Metadata-Version: 2.4
Name: challenge-plans
Version: 0.1.1
Summary: Multi-agent adversarial review & deliberation for plans/specs on subscription CLIs (reduce rework before execution)
Project-URL: Homepage, https://github.com/hiadrianchen/challenge-plans
Project-URL: Repository, https://github.com/hiadrianchen/challenge-plans
Author-email: Adrian Chen <266411000+hiadrianchen@users.noreply.github.com>
License-Expression: Apache-2.0
License-File: LICENSE
Classifier: Development Status :: 4 - Beta
Classifier: Intended Audience :: Developers
Classifier: Programming Language :: Python :: 3
Classifier: Programming Language :: Python :: 3.10
Classifier: Topic :: Software Development :: Quality Assurance
Requires-Python: >=3.10
Requires-Dist: pyyaml>=6
Provides-Extra: dev
Requires-Dist: pytest>=8; extra == 'dev'
Description-Content-Type: text/markdown

# challenge-plans

[![Python](https://img.shields.io/badge/python-%E2%89%A53.10-blue.svg)]()
[![License](https://img.shields.io/badge/license-Apache--2.0-green.svg)](LICENSE)
[![CI](https://img.shields.io/github/actions/workflow/status/hiadrianchen/challenge-plans/ci.yml?branch=main)](https://github.com/hiadrianchen/challenge-plans/actions)

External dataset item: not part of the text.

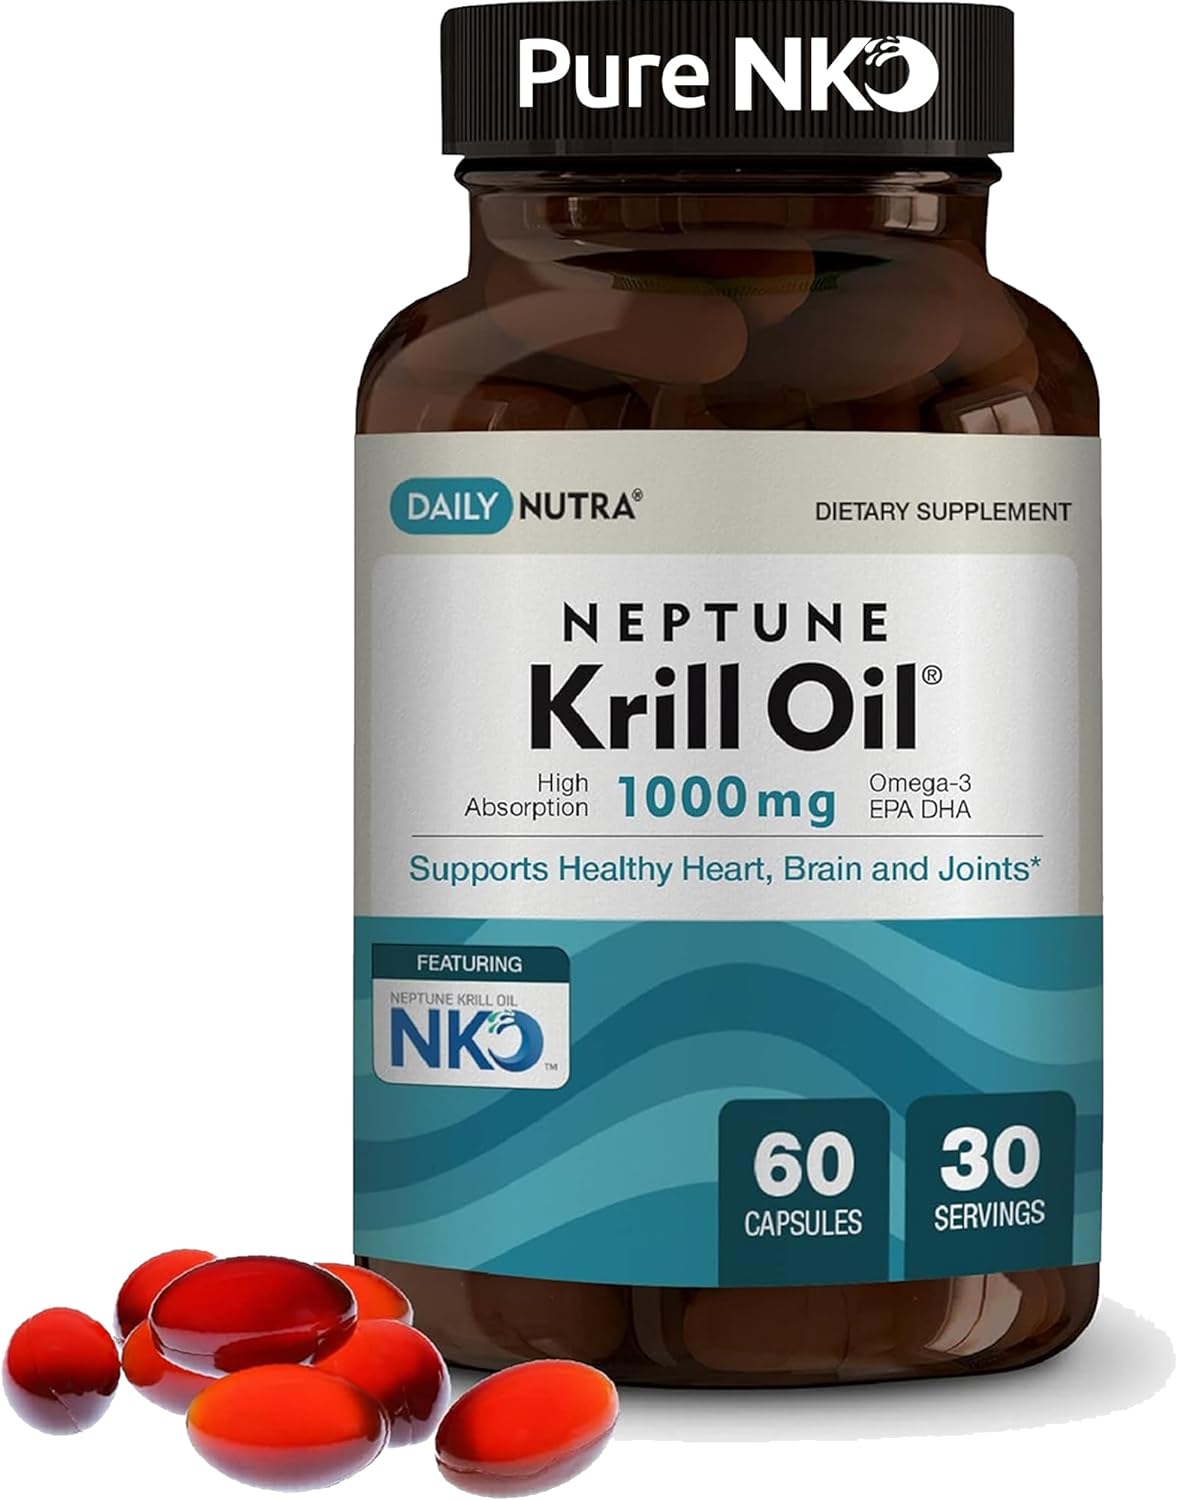 DailyNutra Neptune Krill Oil 1000mg - Antarctic Krill, EPA + DHA, Omeg

> 中文文档: [README-zh.md](README-zh.md)

**Adversarially review a plan before you execute it — across the AI coding CLIs you already have logged in. No API keys.**

`challenge-plans` orchestrates the subscription CLIs on your machine (Claude Code, Codex, …) to cross-examine a plan and surface the flaws that cause rework — then aggregates only the objections that survive scrutiny into a single verdict. It runs as a CLI, an **agent skill**, or a CI gate, and slots into the superpowers plan lifecycle: `writing-plans → challenge-plans → executing-plans`.

## Why challenge-plans

- 🔑 **No API keys, no per-token charges** — it drives the subscription CLIs you're already logged into (Claude Code, Codex). Bring at least one.
- 🧪 **Evidence beats headcount** — a minority objection with a reproduction can override a majority; correctness isn't decided by voting.
- 🤝 **Cross-family verification** — an objection only earns hard-gate authority (`✓`) when an *independent model family* reproduces it with line-anchored evidence. Single-model claims stay advisory.
- 🛡️ **Guards 7 multi-agent failure modes** — vote loss, option anchoring, premature hand-off, majority-over-minority, single-round complacency, false consensus, false convergence ([how](docs/how-it-works.md)).
- 🌍 **Speaks your language** — `--lang zh` (or `ja`, `de`, …) localizes every finding; one flag, no separate build.

## What it reviews

You don't have to write specs to use this. Three things it does:

- 📋 **Any plan** — a trip, a launch, a hire, a move. `--type plan` checks it for the ways plans go wrong (more below).
- 📝 **A drafted spec or design doc** before you build — `--type spec`.
- 🔧 **A code change** as a lightweight review — `--type diff`. And when you're **torn between options**, `weigh` votes across them with weighted, dissent-exposing deliberation.

## Quickstart

**Easiest — hand it to your agent.** Tell it:

> Install challenge-plans from https://github.com/hiadrianchen/challenge-plans and run `challenge-plans doctor`.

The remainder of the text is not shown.